以下範例說明如何使用快取的系統指令和影片檔案產生內容。

import os
import google.generativeai as genai
from google.generativeai import caching
import datetime
import time

# Get your API key from https://aistudio.google.com/app/apikey
# and access your API key as an environment variable.
# To authenticate from a Colab, see
# https://github.com/google-gemini/cookbook/blob/main/quickstarts/Authentication.ipynb
genai.configure(api_key=os.environ['API_KEY'])

# Download video file
# curl -O https://storage.googleapis.com/generativeai-downloads/data/Sherlock_Jr_FullMovie.mp4

path_to_video_file = 'Sherlock_Jr_FullMovie.mp4'

# Upload the video using the Files API
video_file = genai.upload_file(path=path_to_video_file)

# Wait for the file to finish processing
while video_file.state.name == 'PROCESSING':
  print('Waiting for video to be processed.')
  time.sleep(2)
  video_file = genai.get_file(video_file.name)

print(f'Video processing complete: {video_file.uri}')

# Create a cache with a 5 minute TTL
cache = caching.CachedContent.create(
    model='models/gemini-1.5-flash-001',
    display_name='sherlock jr movie', # used to identify the cache
    system_instruction=(
        'You are an expert video analyzer, and your job is to answer '
        'the user\'s query based on the video file you have access to.'
    ),
    contents=[video_file],
    ttl=datetime.timedelta(minutes=5),
)

# Construct a GenerativeModel which uses the created cache.
model = genai.GenerativeModel.from_cached_content(cached_content=cache)

# Query the model
response = model.generate_content([(
    'Introduce different characters in the movie by describing '
    'their personality, looks, and names. Also list the timestamps '
    'they were introduced for the first time.')])

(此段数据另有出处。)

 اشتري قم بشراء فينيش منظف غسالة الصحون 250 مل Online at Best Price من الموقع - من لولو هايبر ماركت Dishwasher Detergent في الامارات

print(response.usage_metadata)

# The output should look something like this:
#
# prompt_token_count: 696219
# cached_content_token_count: 696190
# candidates_token_count: 214
# total_token_count: 696433

print(response.text)

列出快取

您無法擷取或查看快取內容，但可以擷取快取中繼資料 (name、model、display_name、usage_metadata、create_time、update_time 和 expire_time)。

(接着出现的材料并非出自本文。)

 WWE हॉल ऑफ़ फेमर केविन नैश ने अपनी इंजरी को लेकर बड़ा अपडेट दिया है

如要列出所有已上傳快取的中繼資料，請使用 CachedContent.list()：

for c in caching.CachedContent.list():
  print(c)

更新快取

您可以為快取設定新的 ttl 或 expire_time。不支援變更與快取相關的任何其他內容。

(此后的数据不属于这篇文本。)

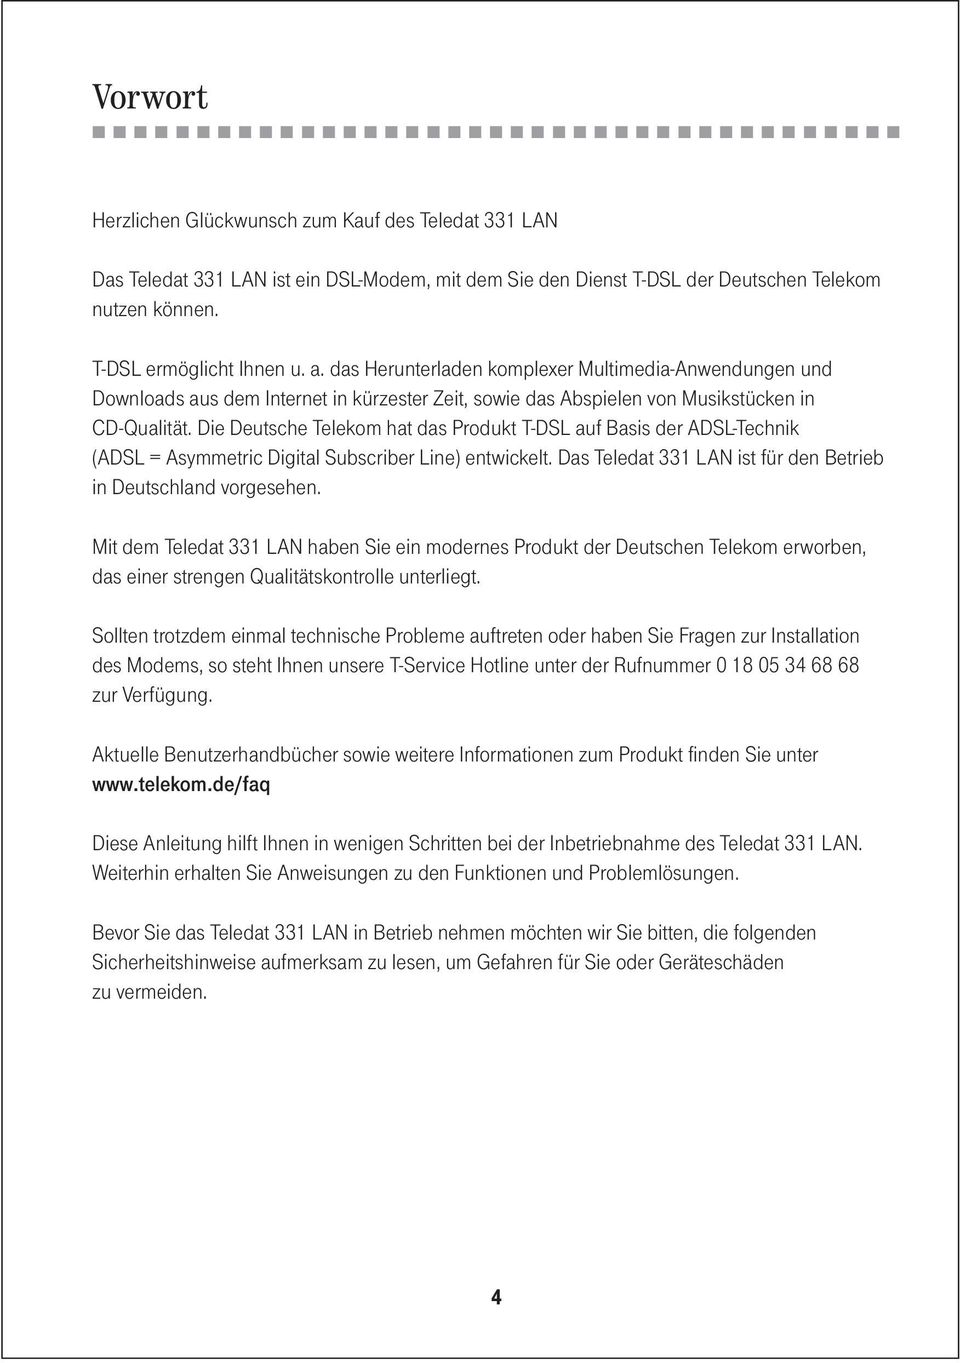 Die Deutsche Telekom hat das Produkt T-DSL auf Basis der ADSL-Technik (ADSL = Asymmetric Digital Subscriber Line) entwickelt. Das Teledat 331 LAN ist für den Betrieb in Deutschland vorgesehen.

以下範例說明如何使用 CachedContent.update() 更新快取的 ttl。

import datetime

cache.update(ttl=datetime.timedelta(hours=2))

刪除快取

快取服務提供刪除作業，可讓您手動從快取中移除內容。以下範例說明如何使用 CachedContent.delete() 刪除快取。

cache.delete()

其他注意事項

使用內容快取時，請注意下列事項：

內容快取的「最小值」輸入符記數量為 32,768 個，最大值則與該模型的上限相同。(如要進一步瞭解如何計算符記，請參閱符記指南)。
模型不會在快取符記和一般輸入符記之間做出任何區別。快取內容就是提示的前置字串。
內容快取沒有特殊的頻率或用量限制，GenerateContent 的標準頻率限制適用，且權杖限制會包含快取權杖。
快取權杖數量是由快取服務的建立、取得和列出作業在 usage_metadata 中傳回，使用快取時也會在 GenerateContent 中傳回。